Mae had that bad idea glimmer in her eyes. That one most people lose when they become adults.
But then again, Mae Borowski was never a very good adult.
"How much does this thing run you?"
"Like one-hundred and twenty dollars" came the answer. "Why?"

Mae Borowski surveyed the interior of her storage unit
Her combination couch-and-bed was smooshed juxtaposed to her combination dresser and part-time computer desk.
Grand Dad's apple crate full of books fit nicely in the corner, brimming with existential horror and unsolved murders next to the Pickaxe's old break-room mini-fridge.

"This is so illegal," Bea lamented.
One of Jeremy's old bikes neatly partitioned "Sleeping and Games" from "Food and Books".
"It's a little small," he stated.
"I mean, it's the same size as my attic."
Bea's hand was firmly glued over her eyes in dismay, as if concealing the bad-idea-made-reality would somehow unmake it.
"I can't believe I am even humoring this. Mae - how are you going to eat?"

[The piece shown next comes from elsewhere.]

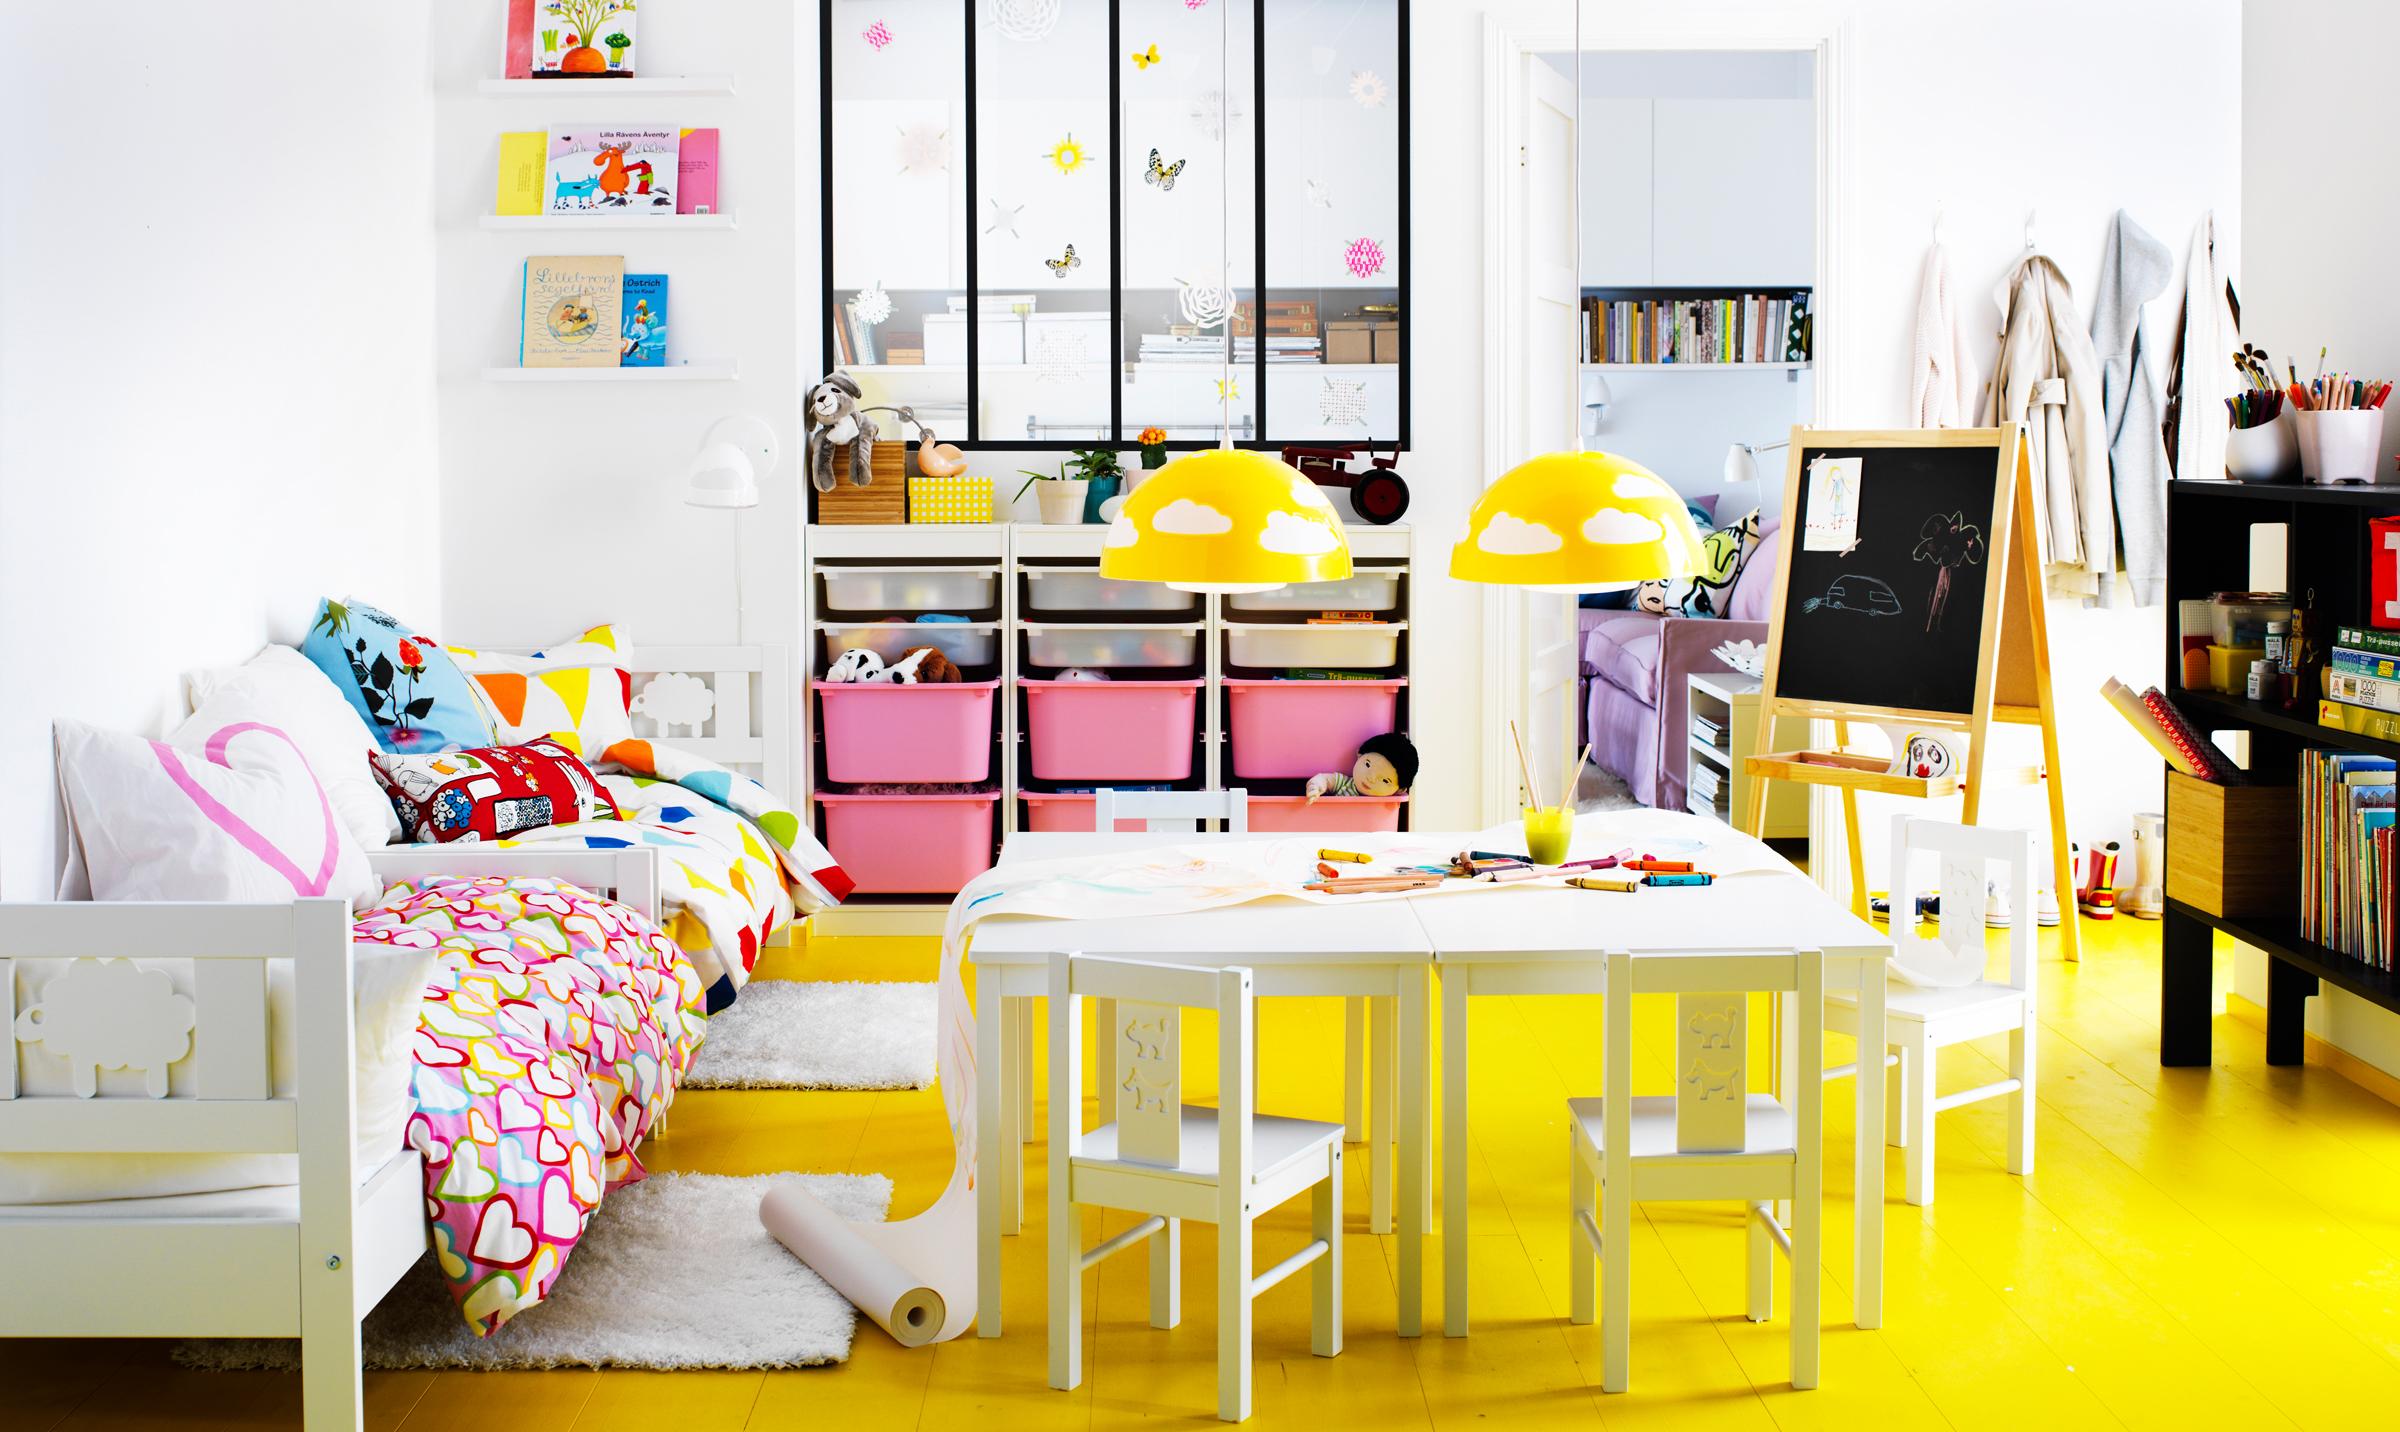 Schranksystem mit Schubladen und gelbe Hängeleuchten im Kinderzimmer #ikea ©Inter IKEA Systems B.V

Sprawled across the couch with a confidence that one might typically reserve for having bested their parents, Mae kicked a propane camp-stove from beneath the shade of her futon.
"Read 'em and weep."
"No Mae, I mean, where are you going to get food?"
"I've got like, two-hundred and fifty left over after rent. I'll just cycle."
"Don't call it 'Rent' " Santello doubled over under the intensity of her already-building migrane.
"It's totally rent."

The keys schlumped into Mae's hands with a dull shink!
Like someone taking off and discarding a shackle.
Freedom!
Freedom from guilt, and obligation, and parental blame-...

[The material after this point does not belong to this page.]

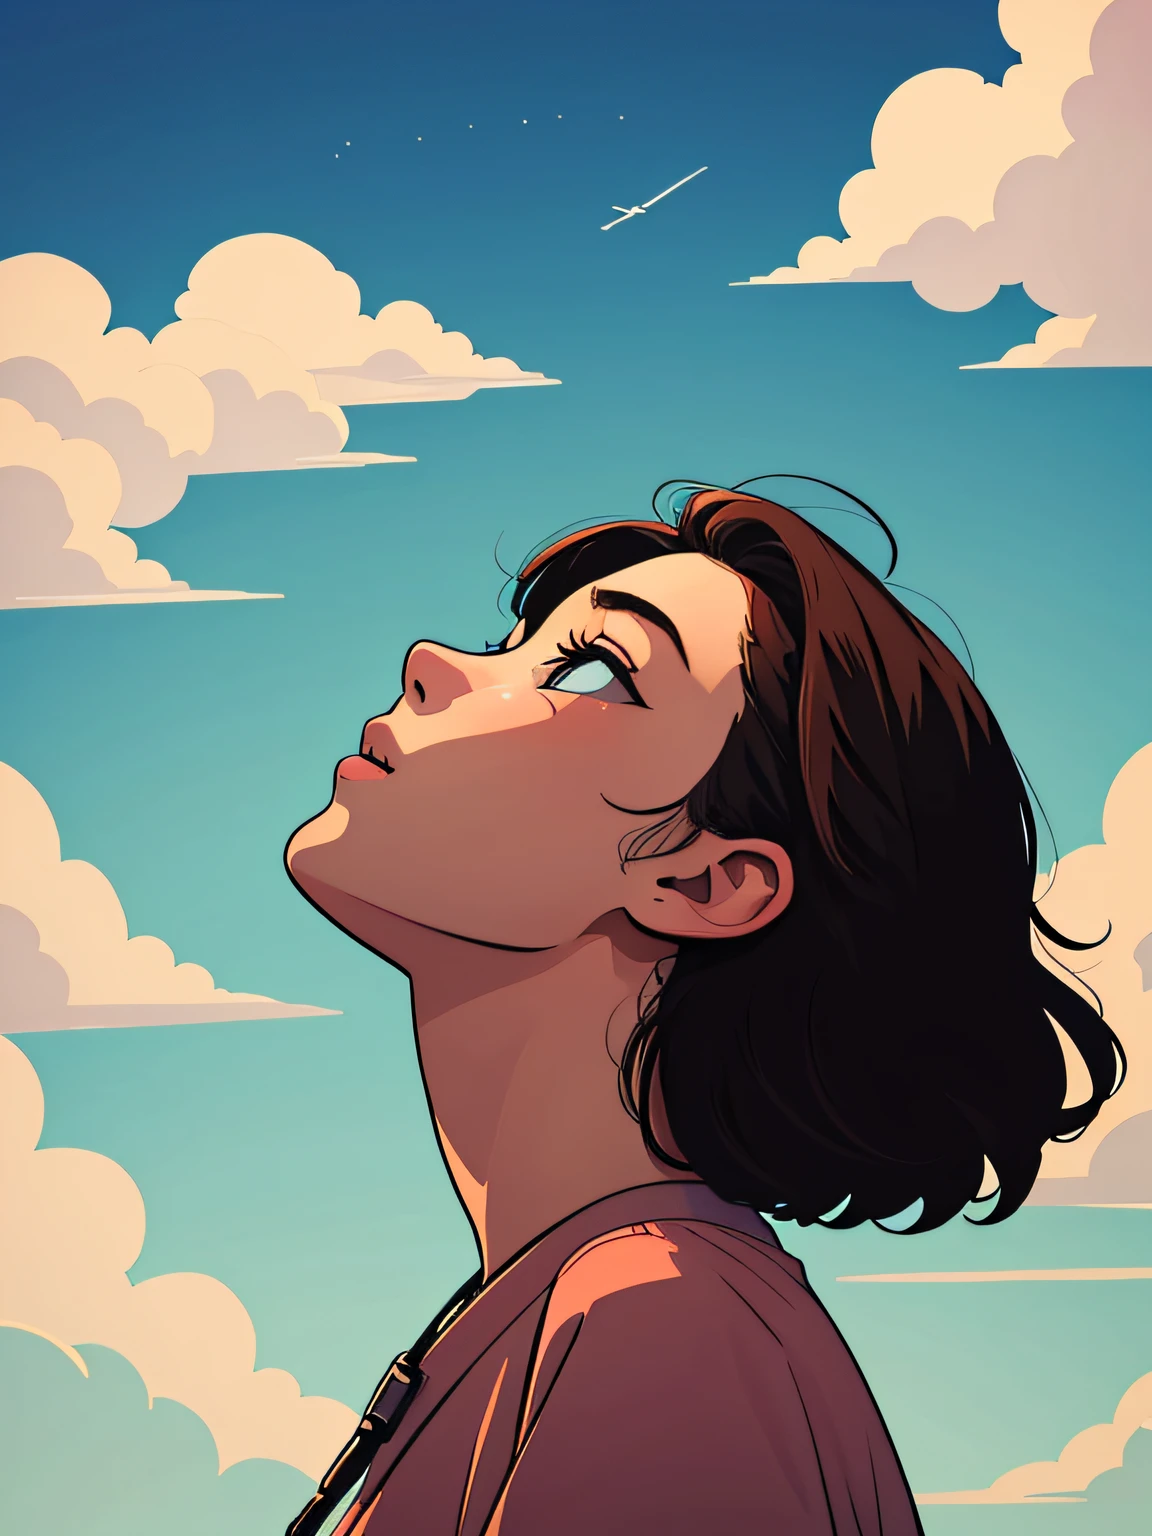 Adesivo de ilustração de uma mulher de 18 anos olhando para o céu,

"'Rent's due on the first, I guess."

And parental care, and ease of access, and central heating-...

"You got it, Landlady."

Germ helped himself to the last two slices of pizza, folding them over each-other into a double decker sandwich of cold, damp Clik Clak disappointment.
"You're gonna have to find a place to shower," he said, swallowing. "And do laundry."

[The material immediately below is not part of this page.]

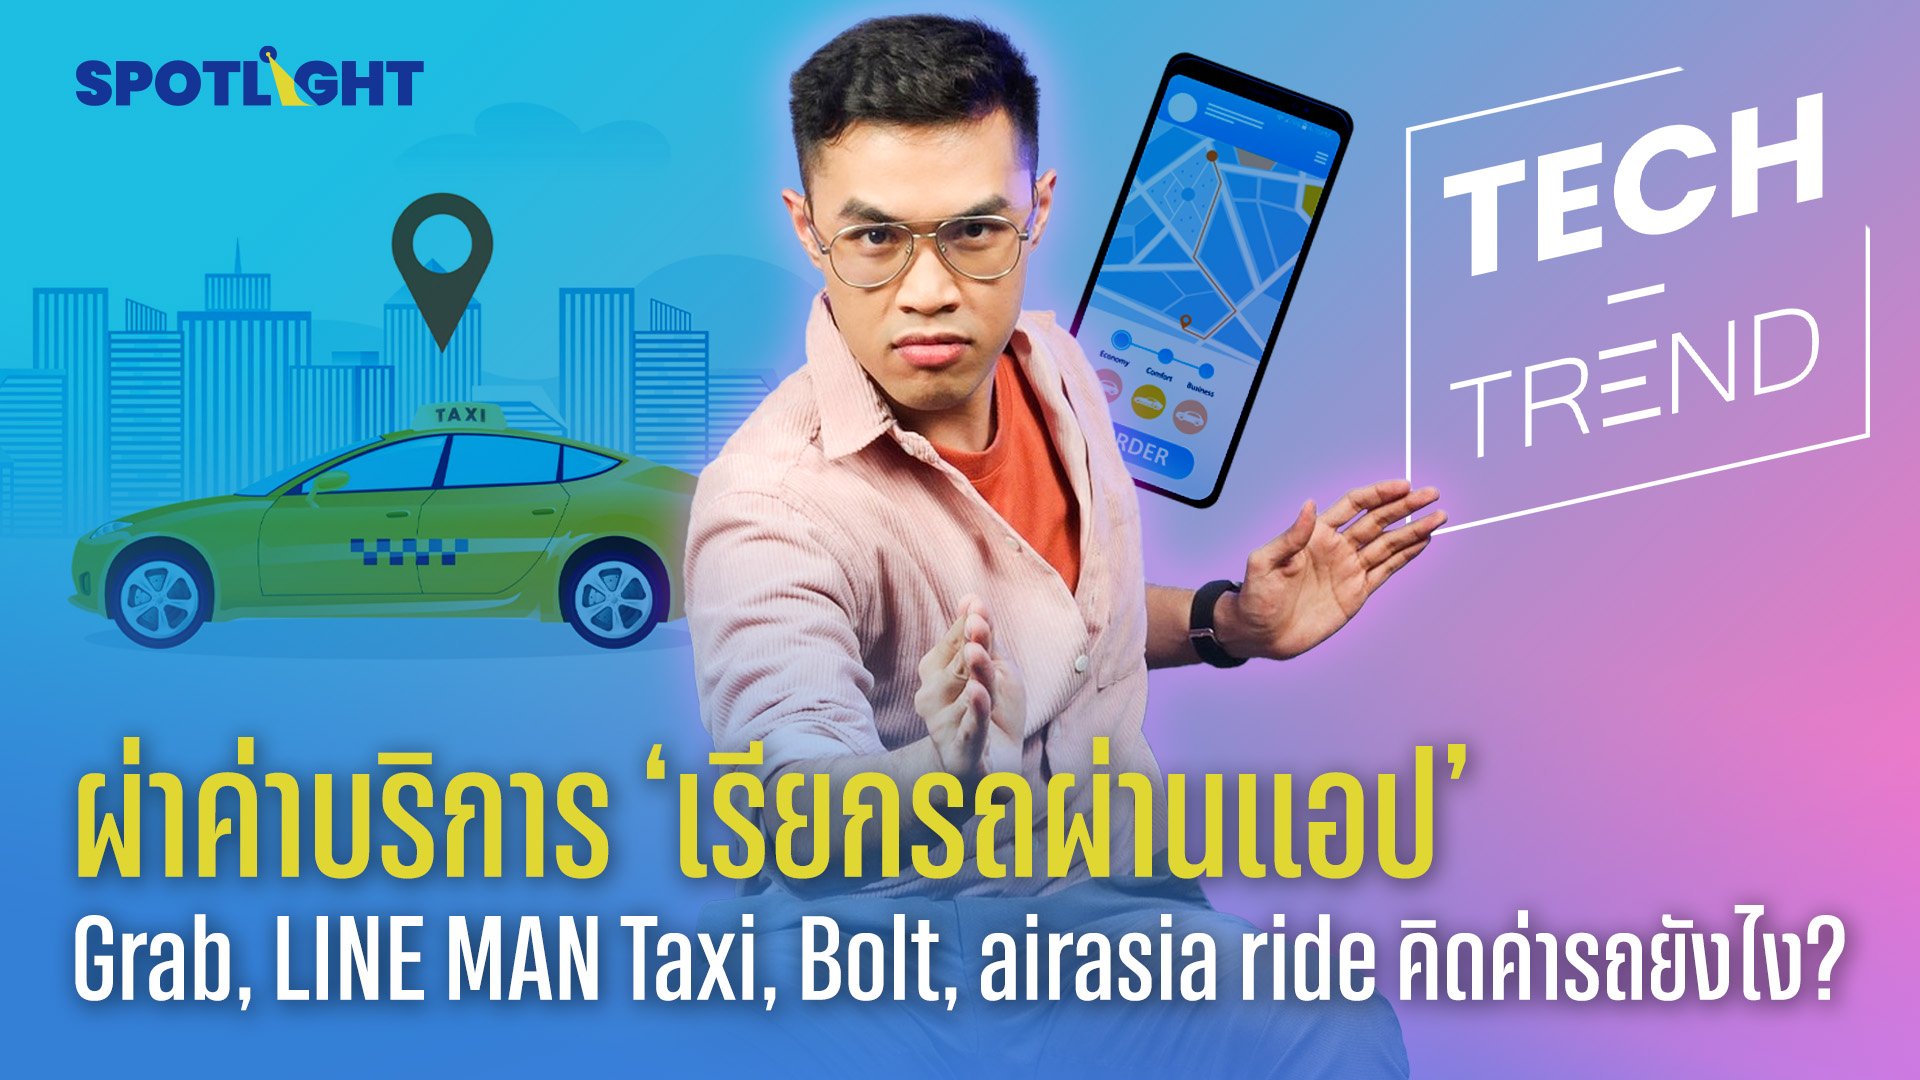 ผ่าค่าบริการ ‘เรียกรถผ่านแอป’ Grab, LINE MAN Taxi, Bolt, airasia ride คิดค่ารถยังไง? | Spotlight | 18 ส.ค. 66 | AMARIN TVHD34

They weren't things Mae typically did frequently, or on her own. They had slipped between the cracks of impulse and excitement...

"Please try and keep a low profile," Bae fanned herself uncomfortably while lighting her third cigarette.
"Stealth is in my genes."
"I know you, Mae Borowski- and that is a lie."
"Aw, you care about me!"

Santello pulled the sectional door down from overhead as she left.
Germ climbed into the backseat of the car next to three sheets of drywall and a box of shingles.

"Wait-!" Mae's flailing limbs could be visualized through the shutters.
"Yeah?"
"...MaeBae all the way, right? Stuck together?"
"Don't suck together."

Beatrice Santello drive to college that night with an illustrious entourage of three palettes of rock salt, nine gallons of paint, one-hundred and twenty framing hammers, and a singular Jeremy Warton.

And she didn't visit again for three months.